By Jim Davis
In my years as a Master Gardener I’ve taken on a few jobs, all of which were not only satisfying but also a real pleasure. There remains a task, however, that I’ve never had, never wanted and would not accept—that of finding teachers or speakers for our meetings or other events. That one is the only one I would decline if asked to serve.
There is more than one reason for my reluctance. Most compelling is my great incompetence at choosing topics. For instance, I have a fascination for wishing wells, those mock wells that folks put in their front yards. I don’t claim that they are pretty, and their relevance to gardening is at best marginal. But there are so many and so many different shapes and sizes, both hand made and store-bought (what store, I wonder). Surely, I tell myself, Master Gardeners would relish a show of my slide collection.
In this same category, I put those front yards covered with do-dads: statuettes, flags, toys (such as wagons or tricycles), perhaps signs (personal or religious), junk sculpture. The list could be much longer. As with wishing wells, please don’t ask me to explain my fascination. Yet—even while knowing better—I’m convinced a room full of Master Gardeners could immediately share my addiction.

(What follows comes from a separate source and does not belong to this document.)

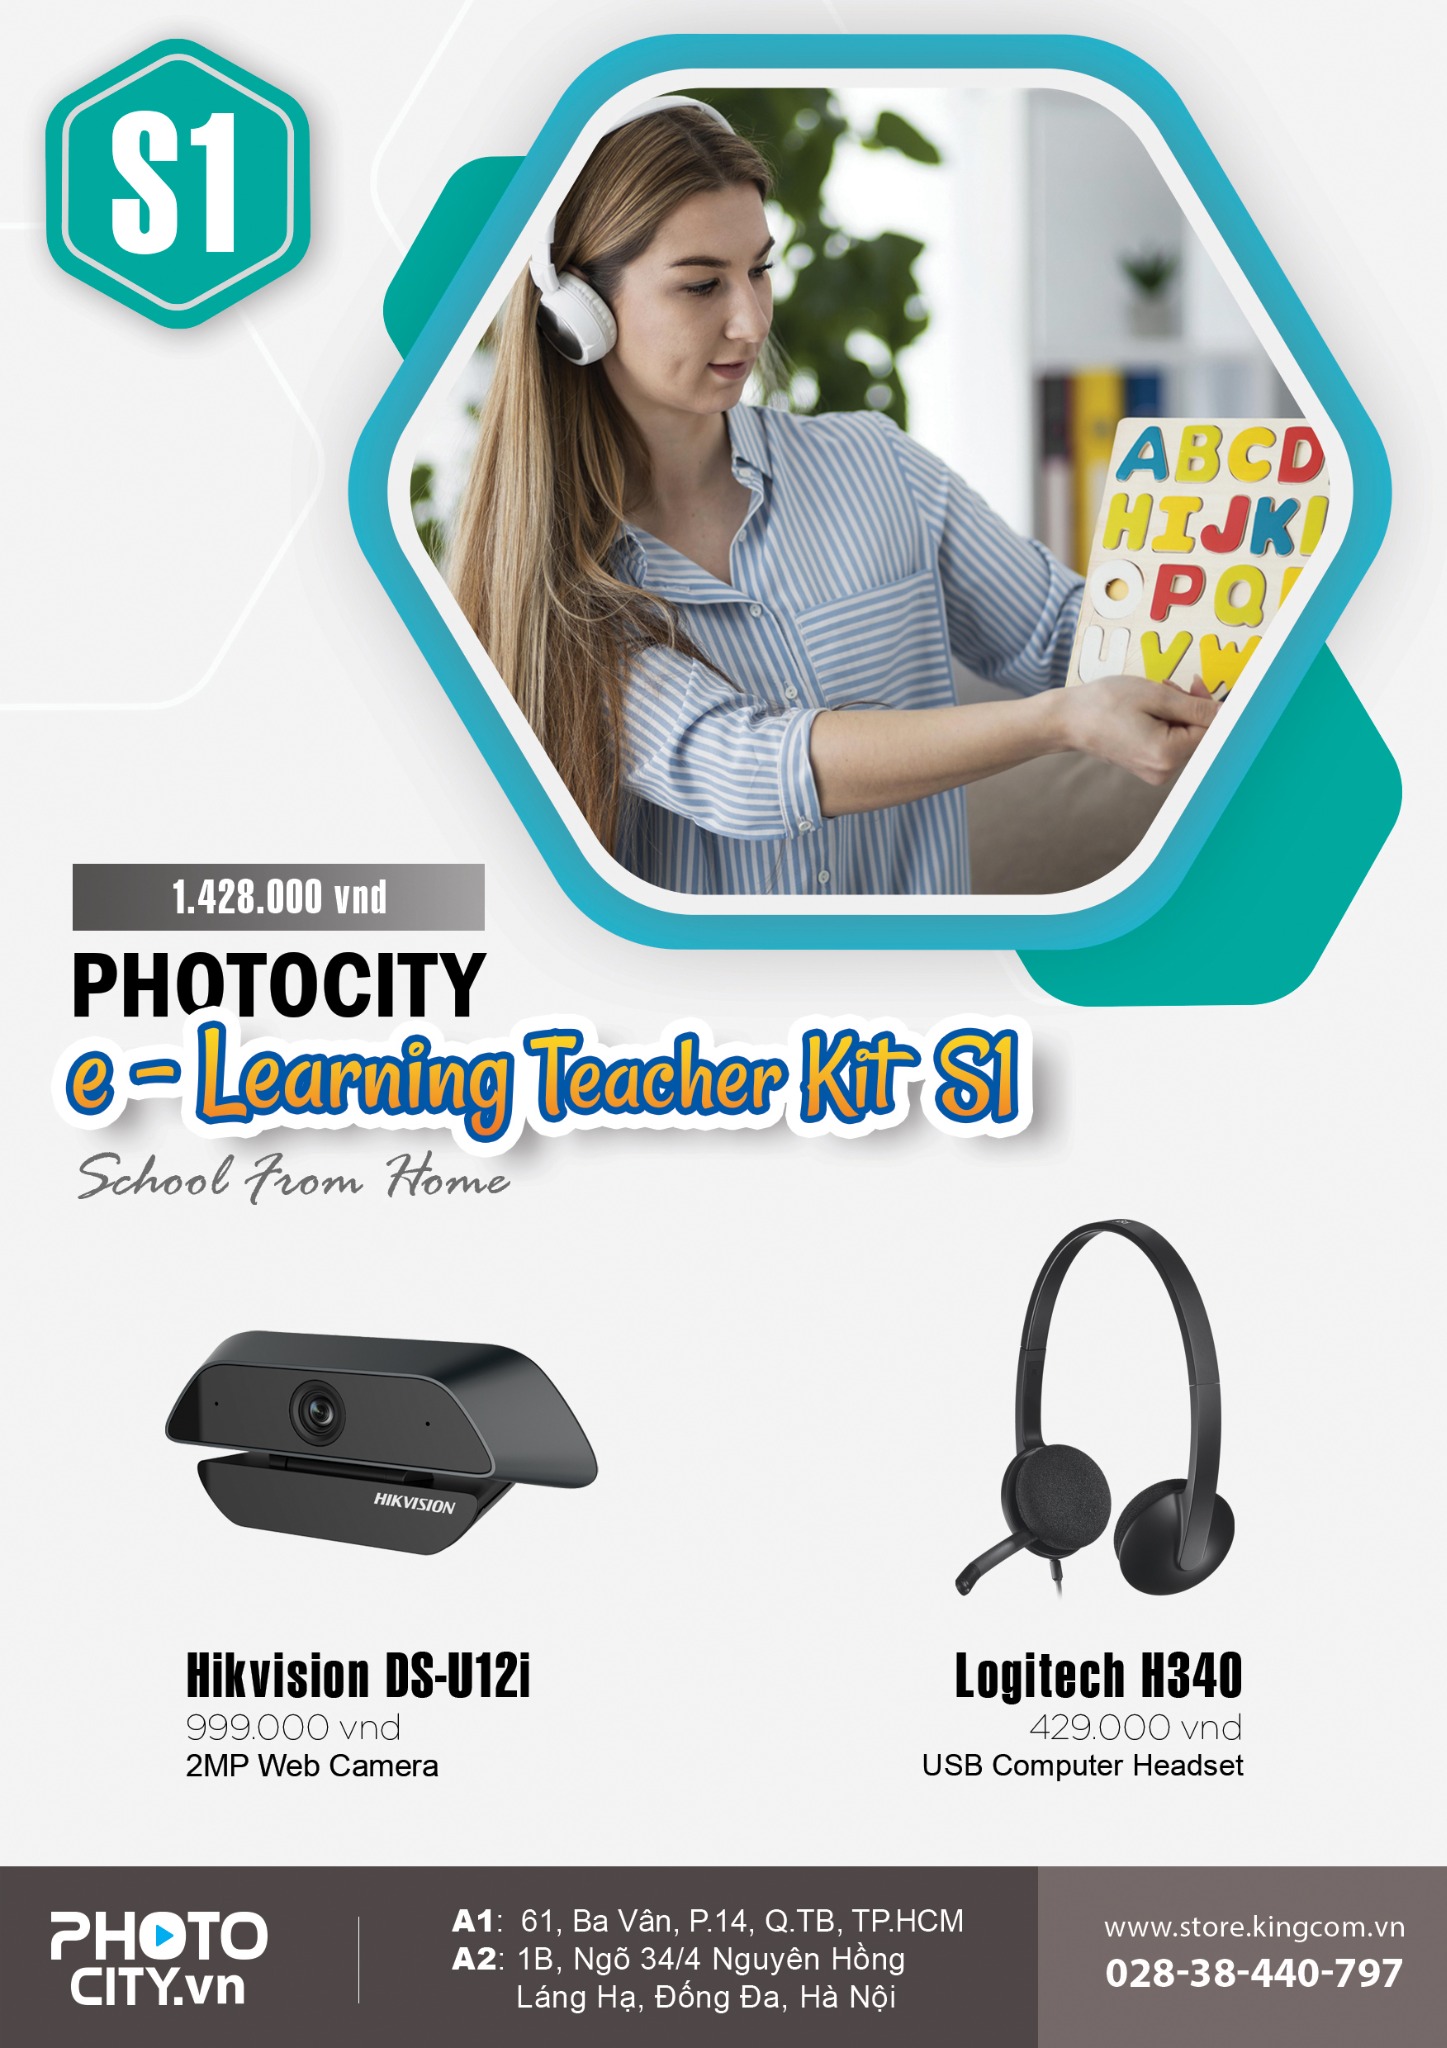 PhotoCity e -learning Teacher Kit S1 (Bộ dụng cụ dạy học online)

But an even more serious problem arises if I were forced to find a speaker. Naturally, the chosen person must be one who would do the job right, who would beforehand have checked out her or his electronic equipment, carefully testing all for focus and good sound. This person must also speak like Demosthenes, or at least have eliminated all “uhs” from the delivery and must use an appropriate transition for each change of direction, not using the word “so,” for instance, between all steps or subjects. Other universal standards of public speaking would also apply. Oh, and sound knowledge of the subject is also somewhat desirable. But where is this person, and how would I find her or him?
An apparently easy solution would be to attend as many gardening talks or classes as one possibly could. That would require frequent trips, far and wide—to Richmond, perhaps, or at best, Roanoke. I’ve attended Master Gardener College a number of times and can’t remember any poor classes or speakers. Ah! You say. A solution! Only, however, if our unit can afford published authors or experts from large universities.
Rely, then, on members of our own unit or persuade faculty from VMI or Washington and Lee. Well, Ok. But who are these talented and willing speakers? And how would I know of their speaking ability? No, I’d be forced to show my fascinating slides of wells or junk. Therefore, look for somebody else—not me—to plan a convenient means of fulfilling our educational requirement.